The non-pathogenic E. dispar and E. moshkovskii, which are 10 times more common than E. histolytica in stool specimens, have cysts which appear identical by microscopy but never become invasive.  Other non-pathogenic ameba, which are morphologically distinct include: E. polecki, E. hartmanni, and E. coli.

Typical presentation of ALA in Perú includes an insidious onset over several weeks, fever in 90%, weight loss in about half, concomitant diarrhea in about a third, abdominal pain in over 90%, tender hepatomegaly in 30-50%, and jaundice in less than half.  There is a male predominance and most infections are in 20-50 year olds.

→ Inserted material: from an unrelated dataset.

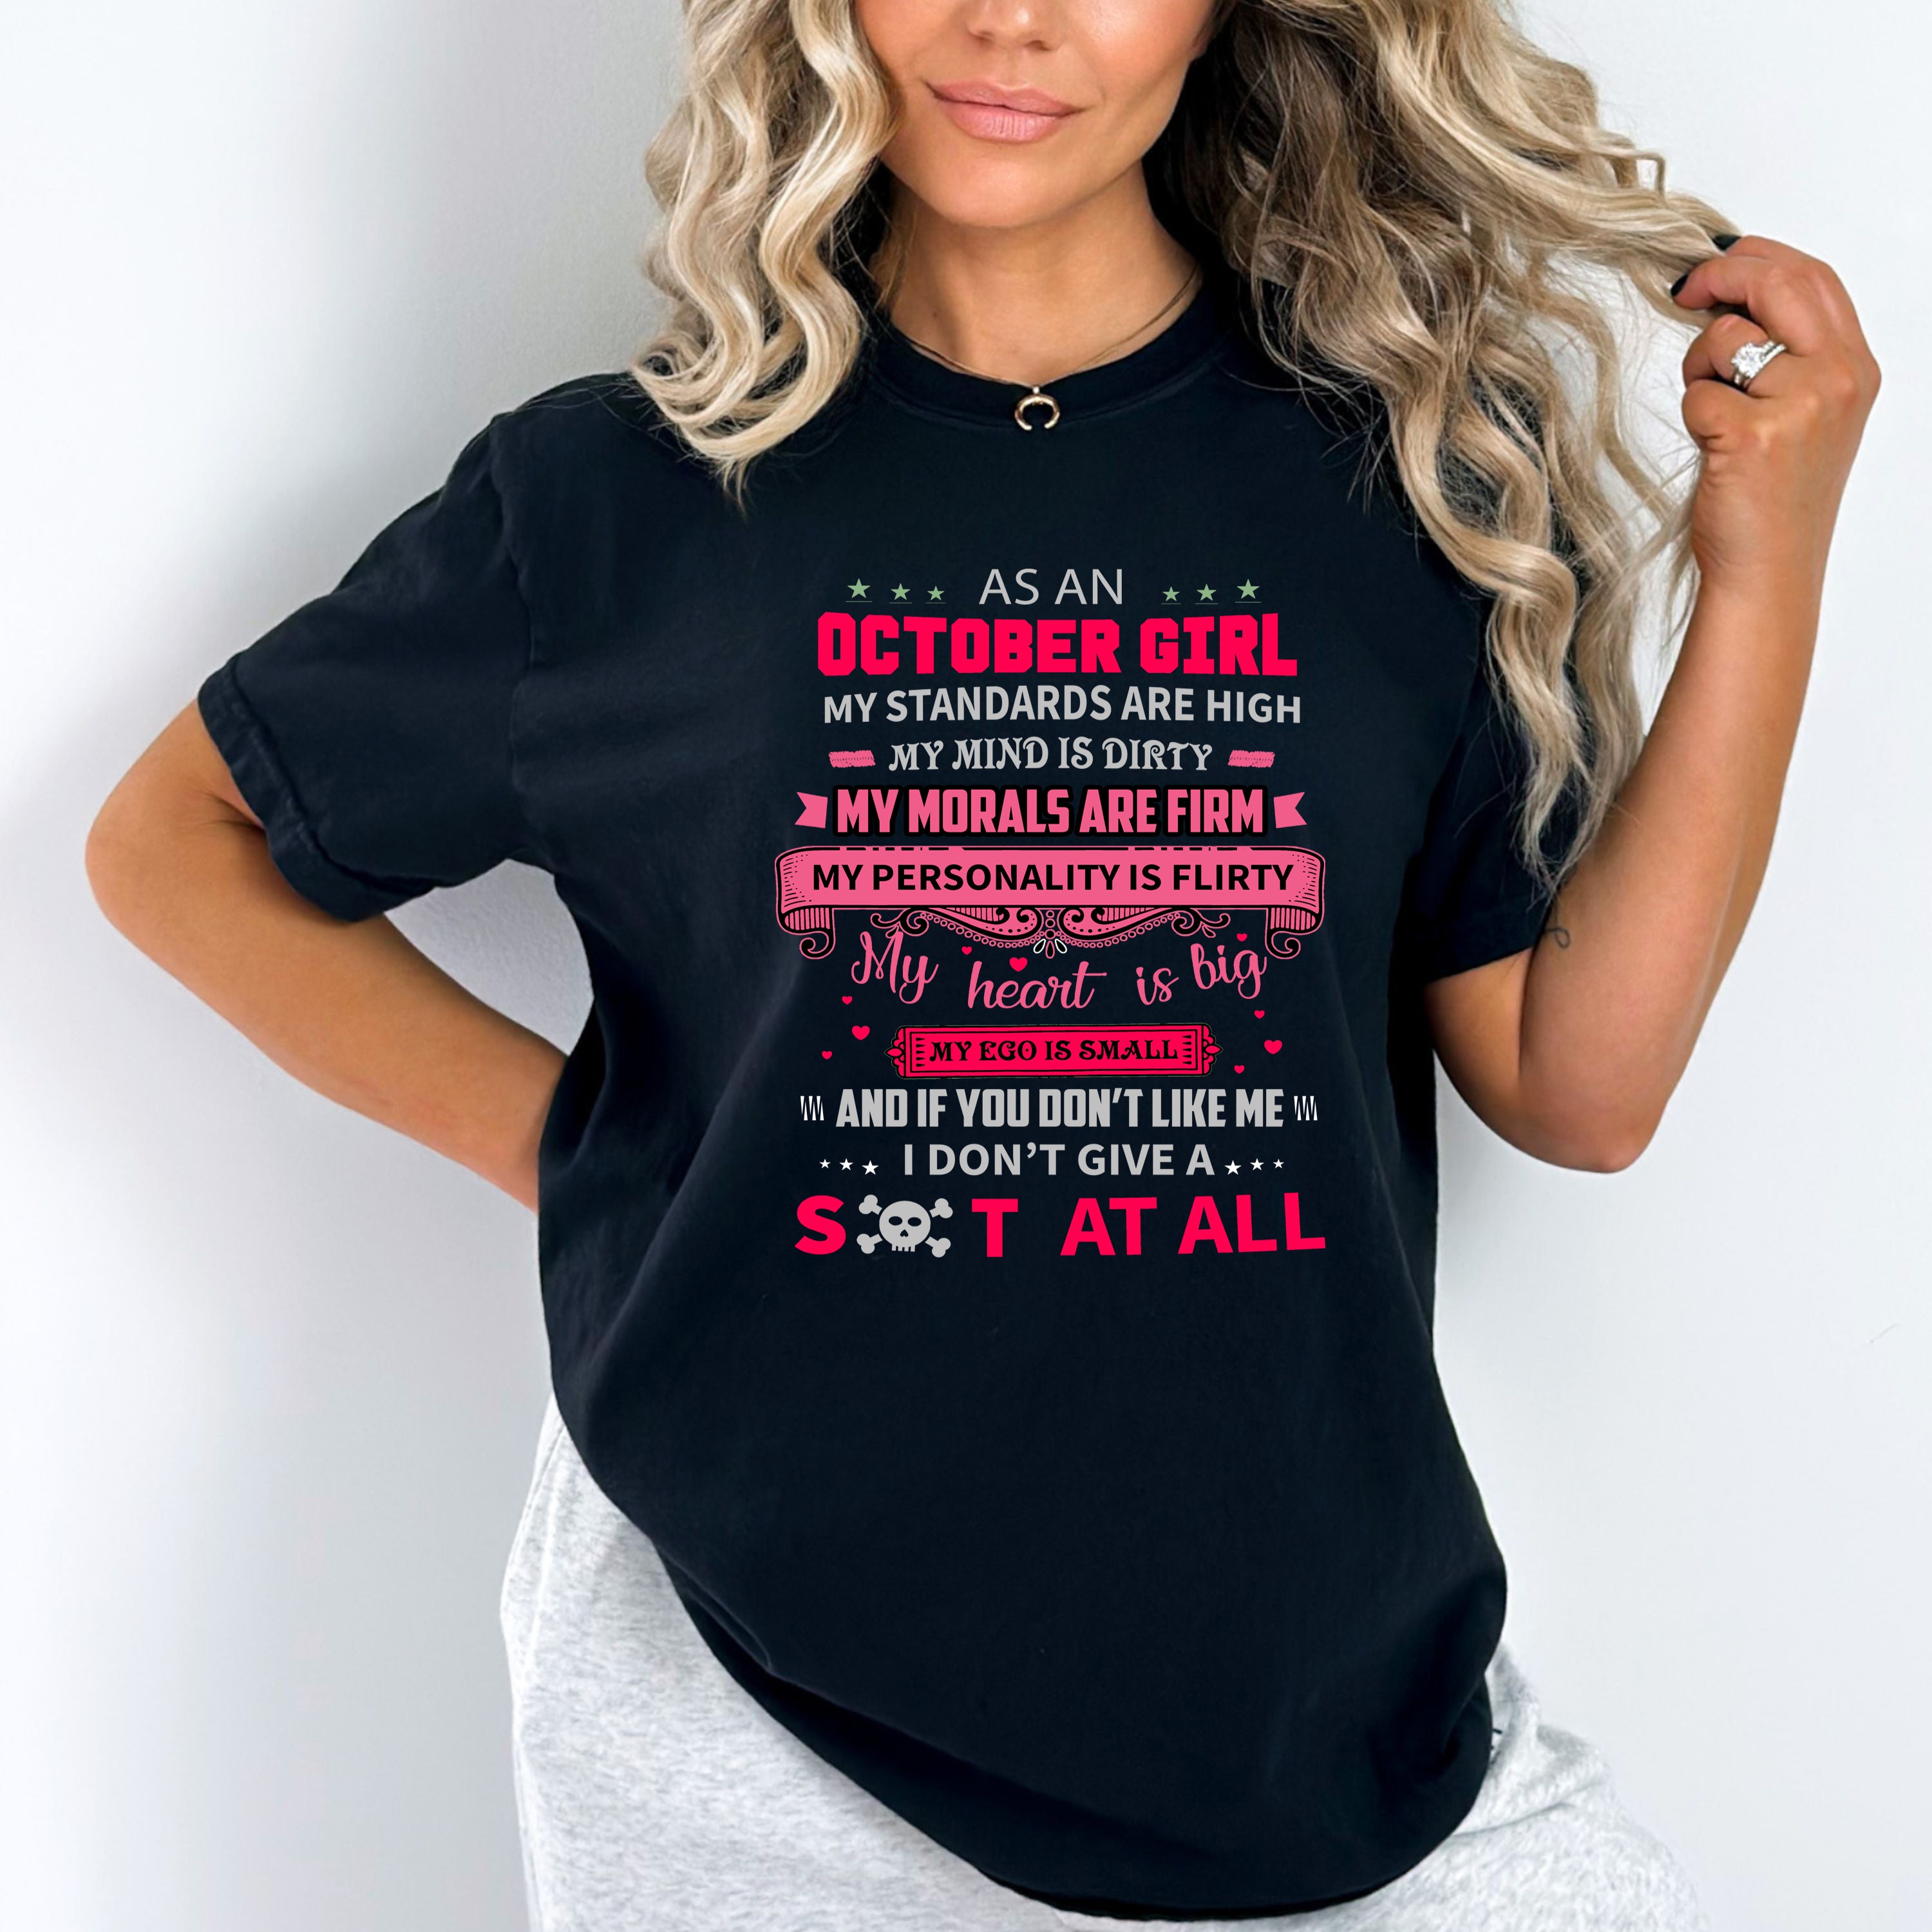 "As An October Girl My Standards Are High".

General laboratory findings include an elevated white count with left shift in almost all patients, mildly elevated transaminases and alkaline phosphatase, and sometimes mildly elevated bilirubin.  As most patients at the time of diagnosis of ALA do not have a concurrent intestinal infection with Entamoeba histolytica, stool examination is positive in less than 10% of cases.

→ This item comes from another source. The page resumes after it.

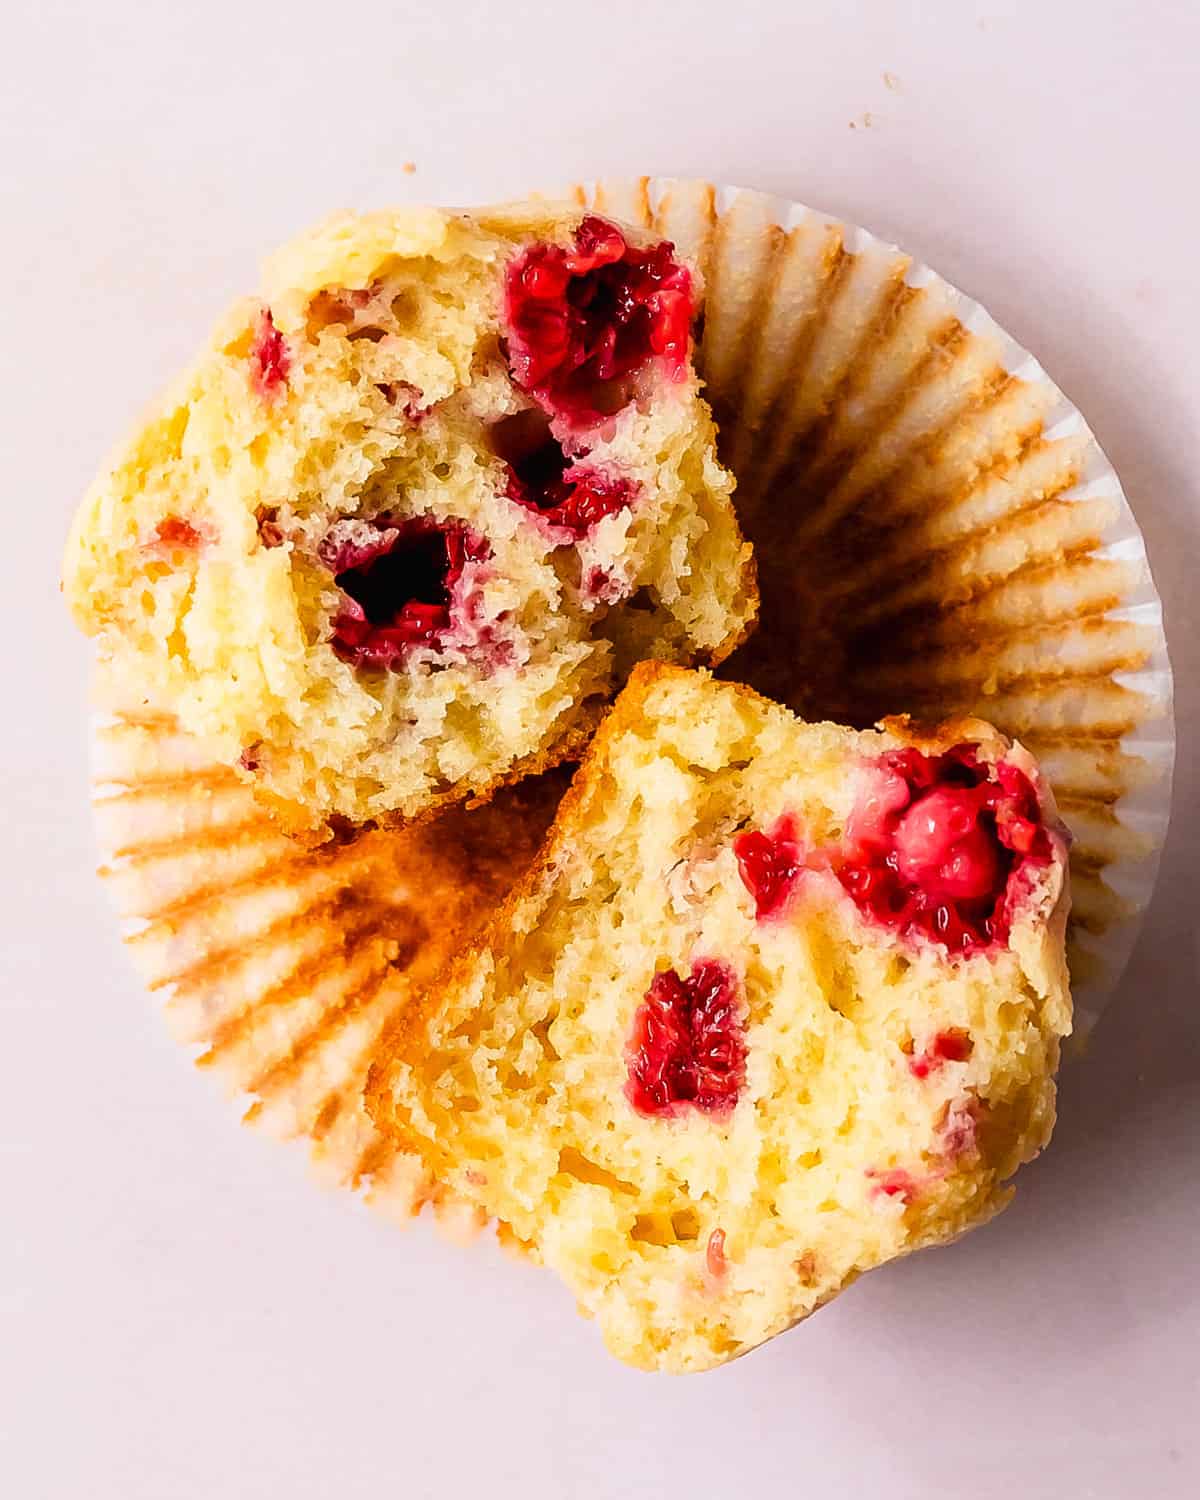 These raspberry muffins are light, fluffy and incredibly moist bakery style muffins filled with fresh or frozen raspberries and a hint of lemon.

The noninvasive diagnosis of ALA is challenging.  Serology is positive in approximately 90-100% of invasive amebiasis cases either intestinal or extra-intestinal but only become positive by the second week of illness.  ELISA is currently the most common commercially available antibody detection test used.  Anti-amebic antibodies are not present in non-invasive or asymptomatic infection and are not present in E. dispar.

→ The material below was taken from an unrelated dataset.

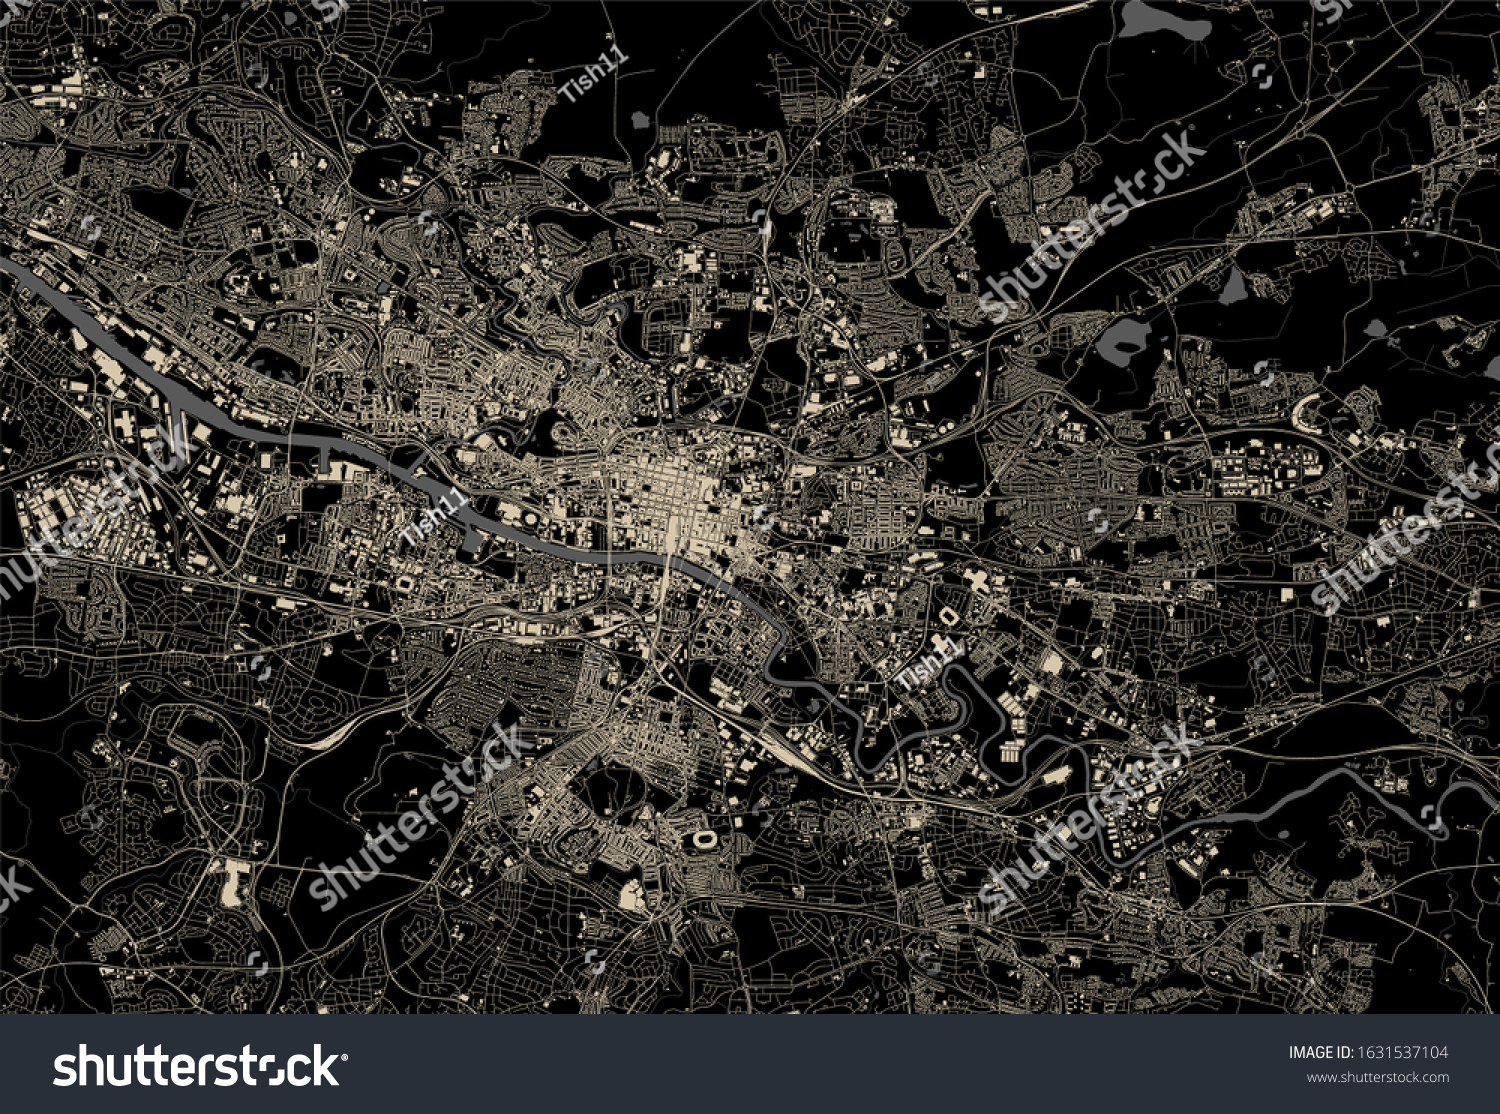 SVG of vector map of the city of Glasgow, Scotland, UK svg

Using a commercial kit, the Gal/GalNAc lectin antigen of E. histolytica can be detected in serum in 96% of ALA cases and is present in abscess fluid about 50% of the time.  As with stool microscopy, antigen is infrequently present in stool in ALA cases [J Clin Microbiol. 2000 Sep;38(9):3235-9].  However, patients with amebic intestinal infection with another cause for a liver lesion may also have serum antigen present though this is not a frequent occurrence.  Detection of antigen in the abscess fluid, however, is a definitive finding.  Serum antigen detection is significantly affected by treatment with a negative test result after one week of treatment in 82% of patients; the test should be ordered before starting antibiotics or soon thereafter.  A recent study has shown that when both tests are performed, E. histolytica DNA can be detected either in urine or saliva in 97% (92/95) of ALA cases by real-time PCR [J Clin Microbiol. 2010 Aug;48(8):2798-801].  DNA was present in serum in only 49% of ALA cases.

Imaging typically shows an elevated R hemi-diaphragm, as in our case.  On ultrasound or CT scan a single abscess is found in 90% of cases.  As spread from the intestine occurs via the portal circulation it is thought that initial small multiple abscesses often coalesce into one large abscess within a short period of time.  Differential diagnosis includes pyogenic liver abscess, which is much more common in older individuals but usually is identical on ultrasound or CT scan and presents with a similar clinical picture.  Patients with echinococcal cysts usually have distinctly different CT scan appearances [see Gorgas Case 2003-03] and are rarely febrile, ill-appearing or toxic.  Hydatid cysts often are complex with daughter cysts and distinct internal septations.  Some hepatomas may also appear similar on CT scan.

Treatment is with either metronidazole (10 days) or tinidazole (5 days), plus a lumen active agent such as paromomycin or diodoquinol.  Oral therapy is the preferred route.  Therapeutic aspiration of an amebic abscess is not usually necessary.  Indications include no resolution of fever by Day 4-5 of anti-protozoal therapy, large abscess (>10 cm), or left lobe location (danger of pericardial invasion).  Response to therapy is monitored by resolution of fever.  The hepatic cavity created by the abscess may remain detectable by ultrasound or CT for more than 6-12 months and is not an indicator of treatment success or failure.Our patient remained febrile after 4 days of combined antibiotic and anti-amebic therapy and with a 9 cm cyst, aspiration and drainage for both diagnostic confirmation and therapeutic effect was undertaken.  His fever then resolved within 24 hours of the procedure.